* YOUR INSTRUCTIONS *
Reproduce only this range: the line holding "Amal 4 Piece" through the last line of the data below, both included, exactly, with no pictures.

* SOURCE MATERIAL *
Segment Open

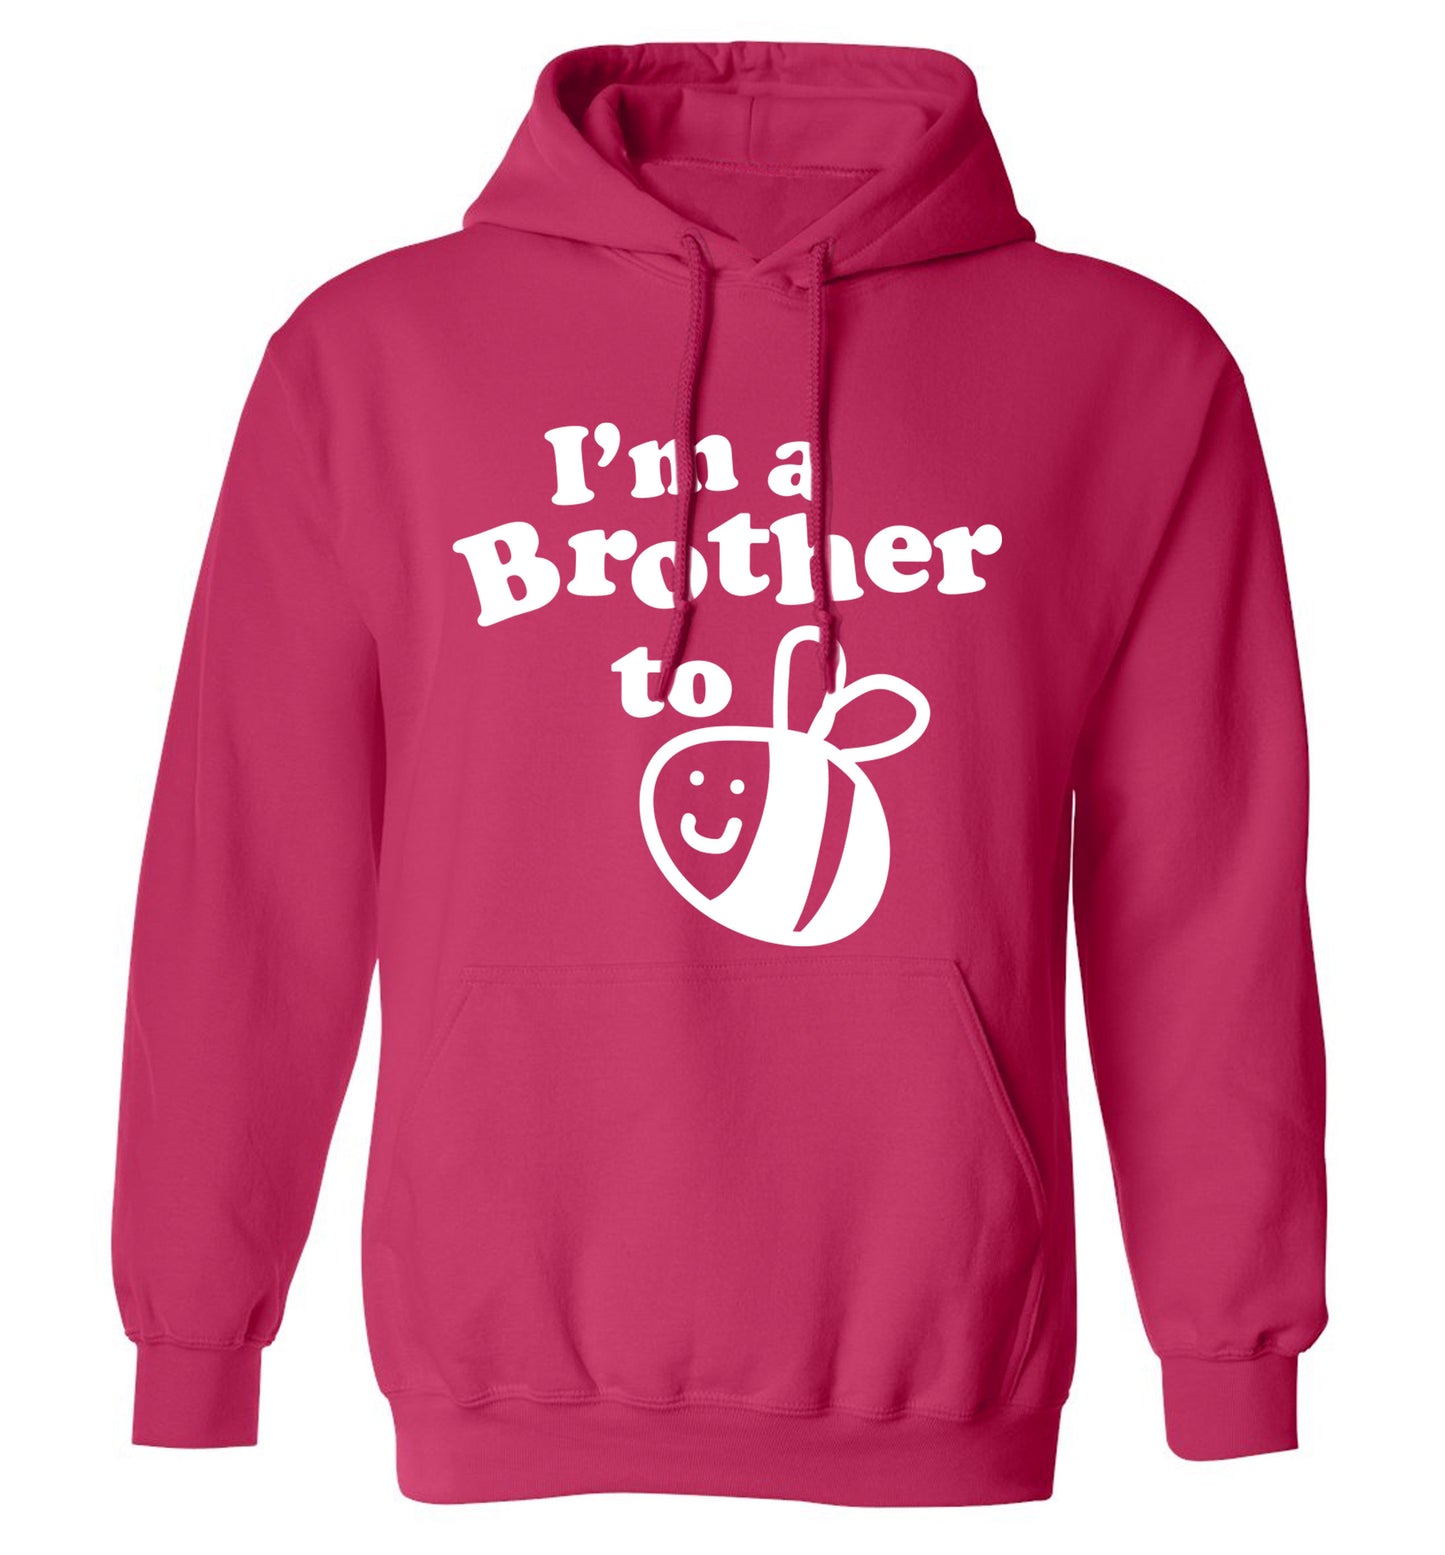 I'm a brother to be adults unisex pink hoodie 2XL
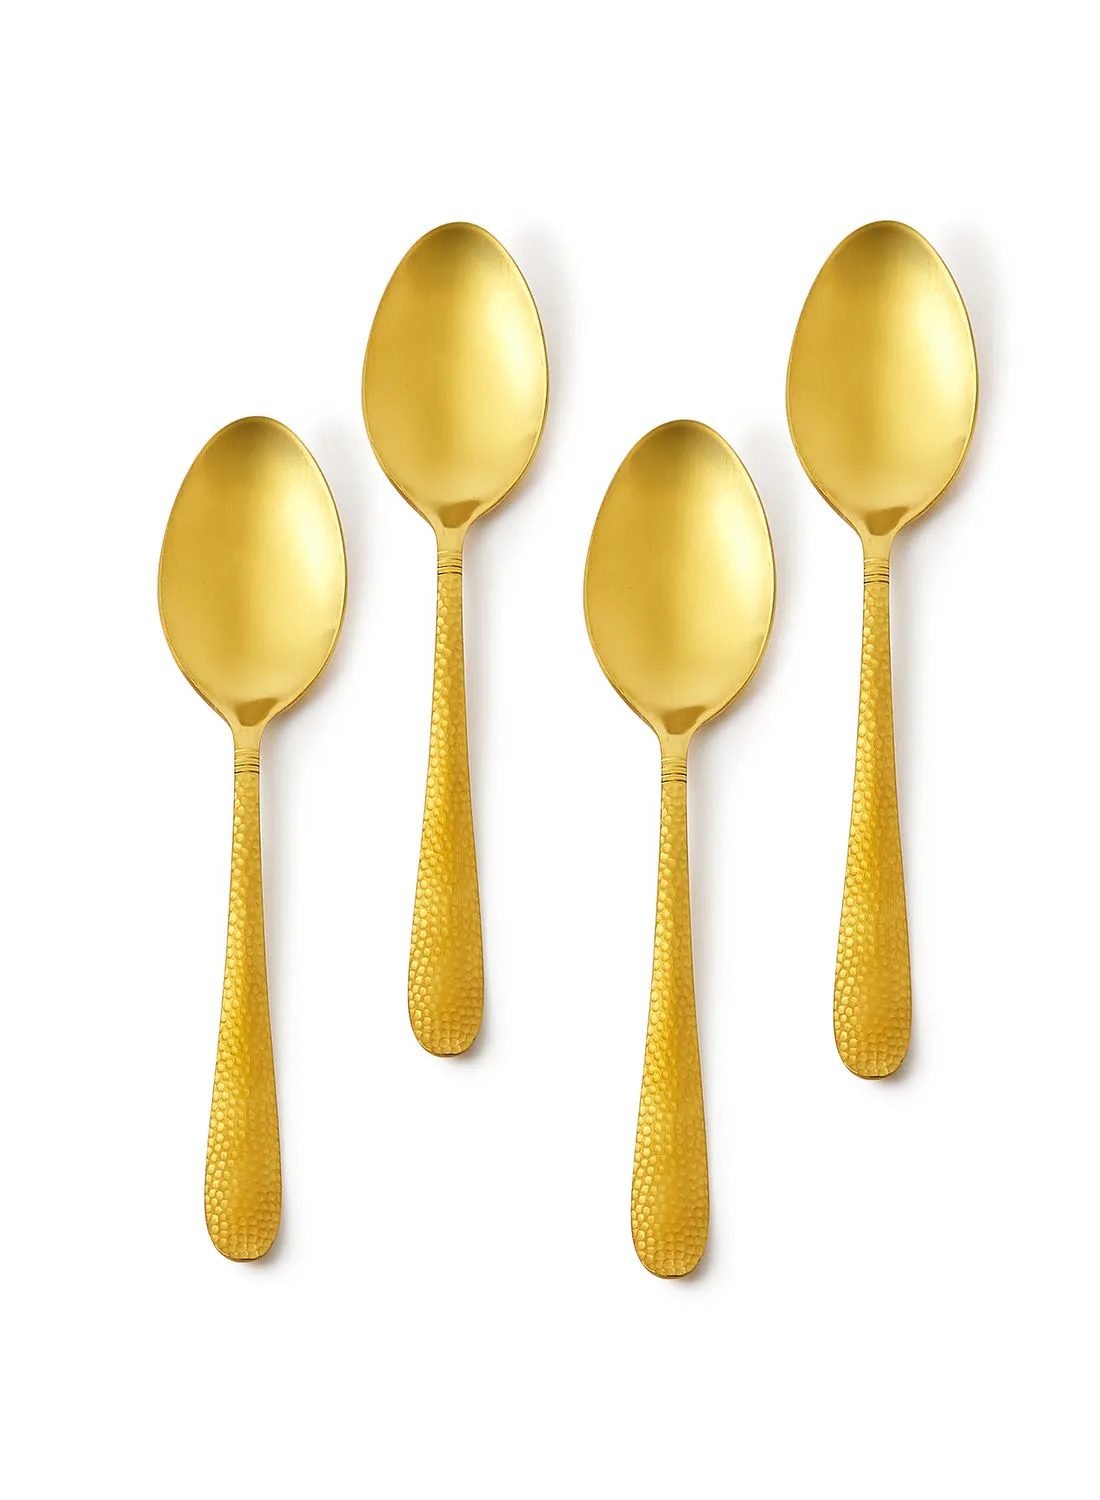 Amal 4 Piece Tablespoons Set - Made Of Stainless Steel - Silverware Flatware - Spoons - Spoon Set - Table Spoons - Serves 4 - Design Gold Aster
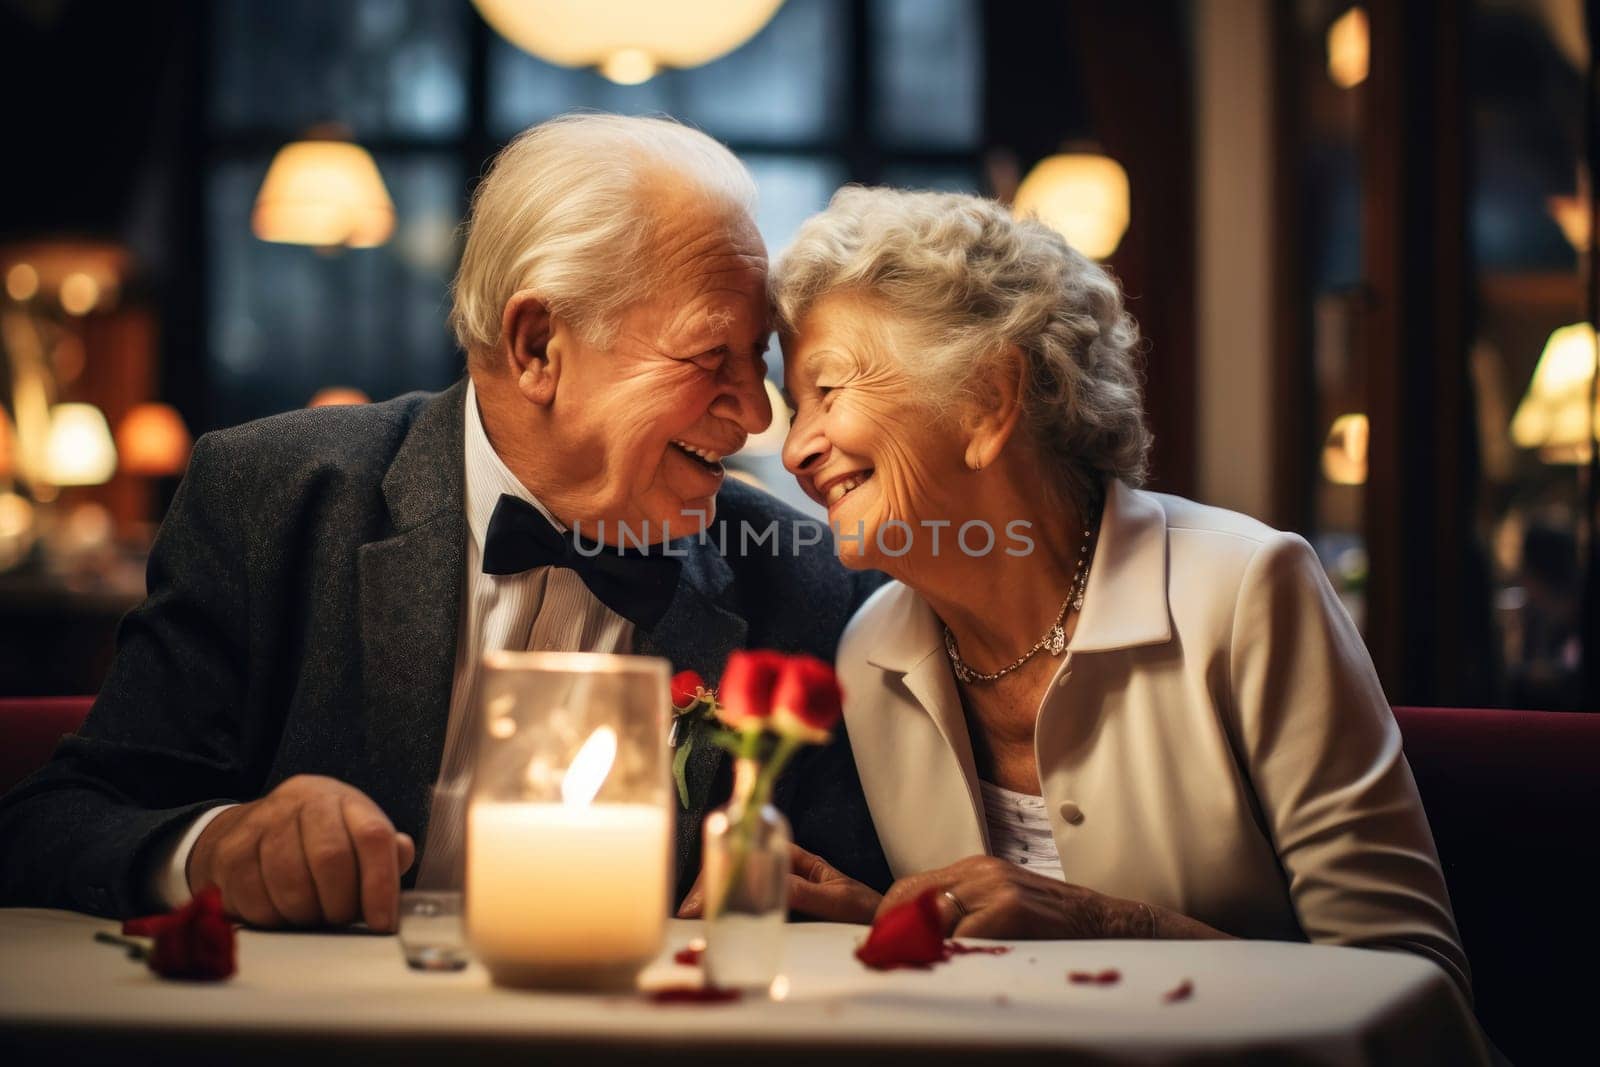 Happy elderly couple spending time together in romantic restaurant. Happy old aged family marriage anniversary celebration
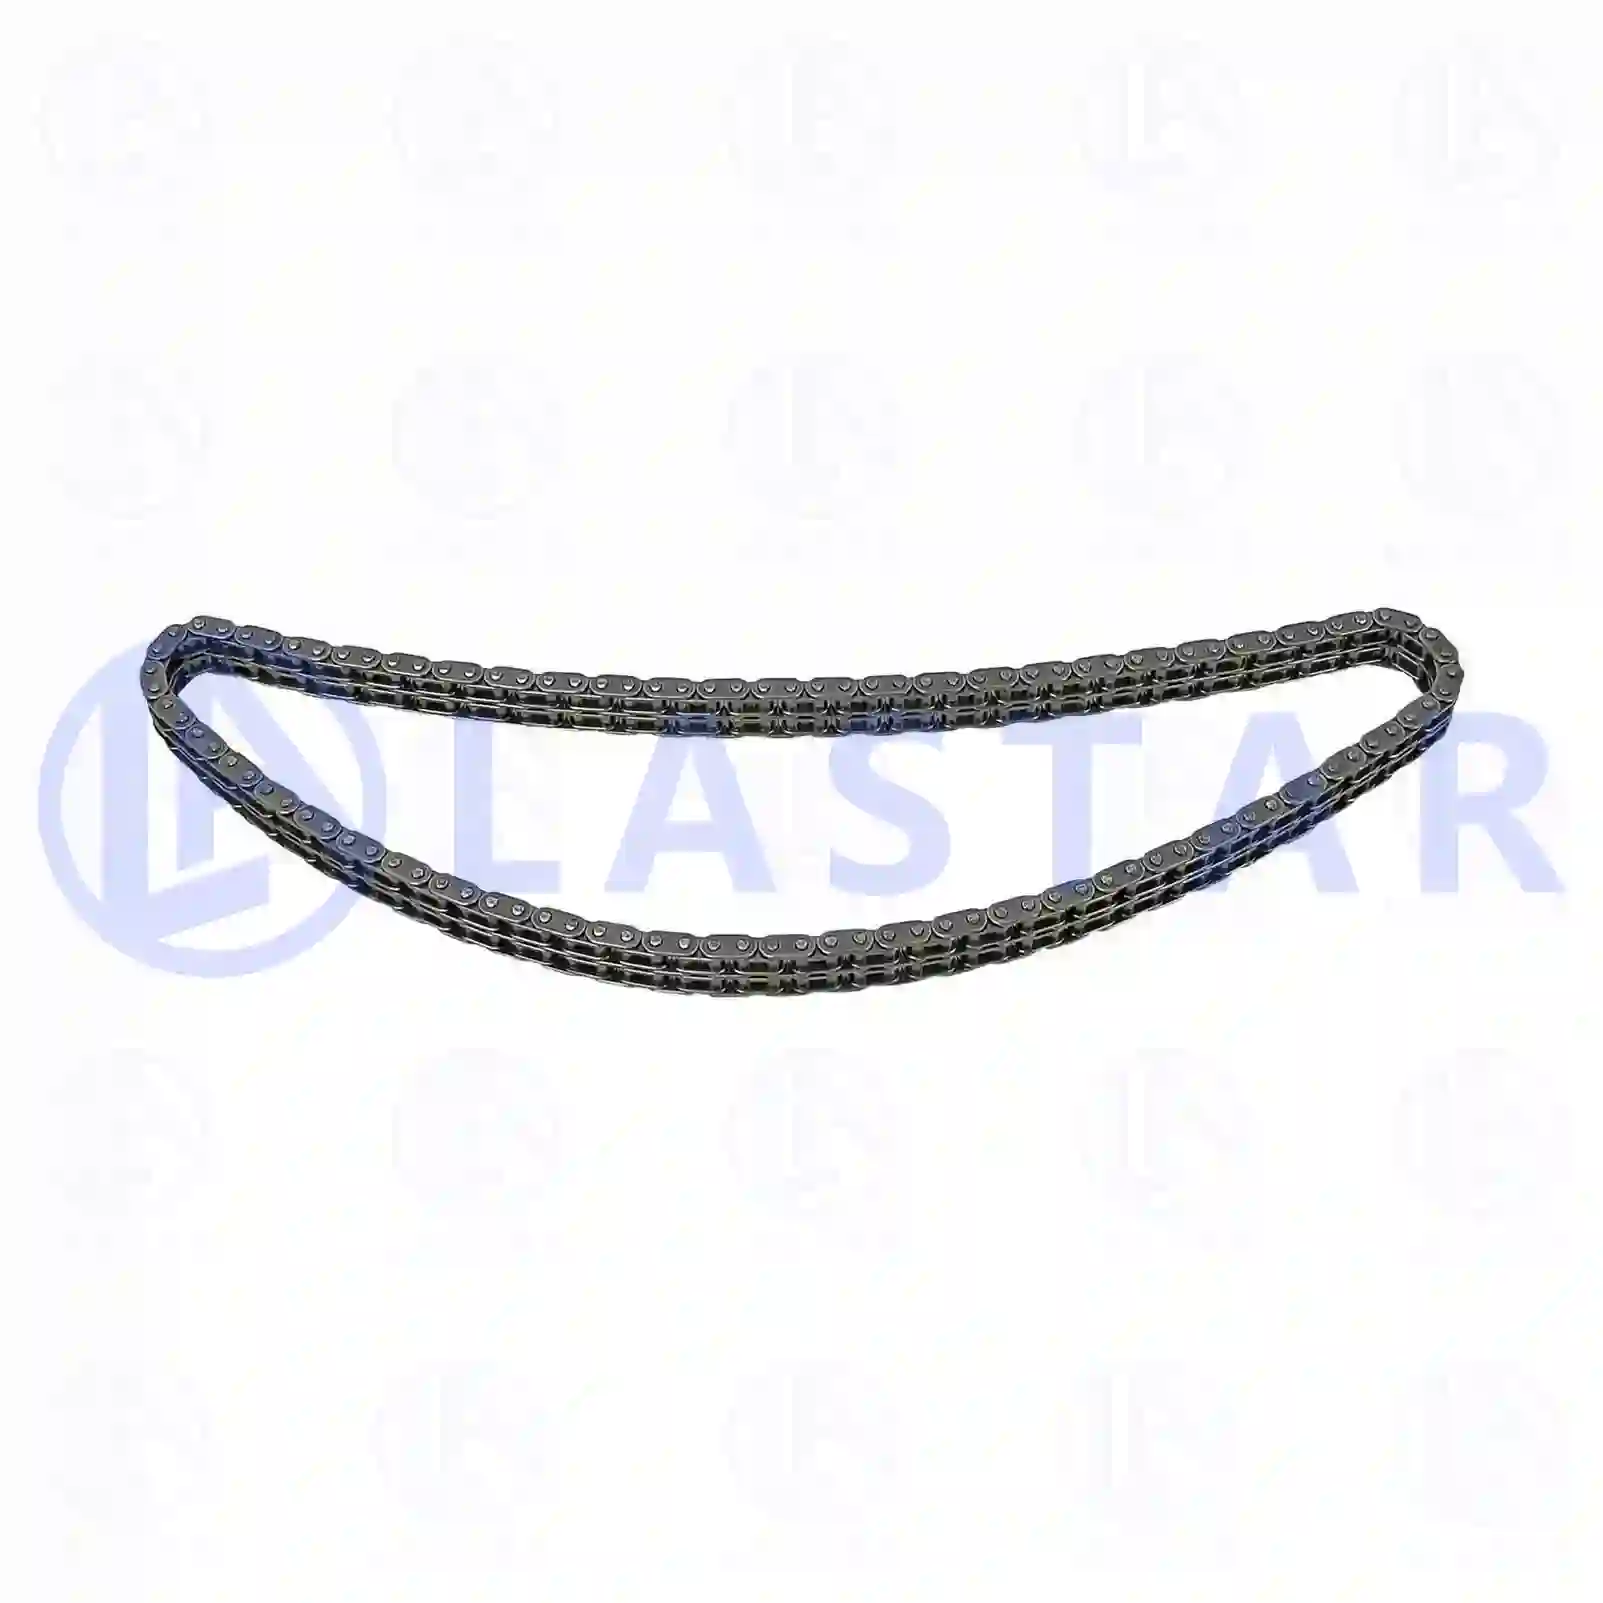 Timing chain, 77702155, 5080209AA, 5080209AA, 0009933576, 0039977094, 0039977594 ||  77702155 Lastar Spare Part | Truck Spare Parts, Auotomotive Spare Parts Timing chain, 77702155, 5080209AA, 5080209AA, 0009933576, 0039977094, 0039977594 ||  77702155 Lastar Spare Part | Truck Spare Parts, Auotomotive Spare Parts

Segment Closed

* FINISHED TASK *
 Amal 4 Piece Tablespoons Set - Made Of Stainless Steel - Silverware Flatware - Spoons - Spoon Set - Table Spoons - Serves 4 - Design Gold Aster
 Happy elderly couple spending time together in romantic restaurant. Happy old aged family marriage anniversary celebration
 Timing chain, 77702155, 5080209AA, 5080209AA, 0009933576, 0039977094, 0039977594 ||  77702155 Lastar Spare Part | Truck Spare Parts, Auotomotive Spare Parts Timing chain, 77702155, 5080209AA, 5080209AA, 0009933576, 0039977094, 0039977594 ||  77702155 Lastar Spare Part | Truck Spare Parts, Auotomotive Spare Parts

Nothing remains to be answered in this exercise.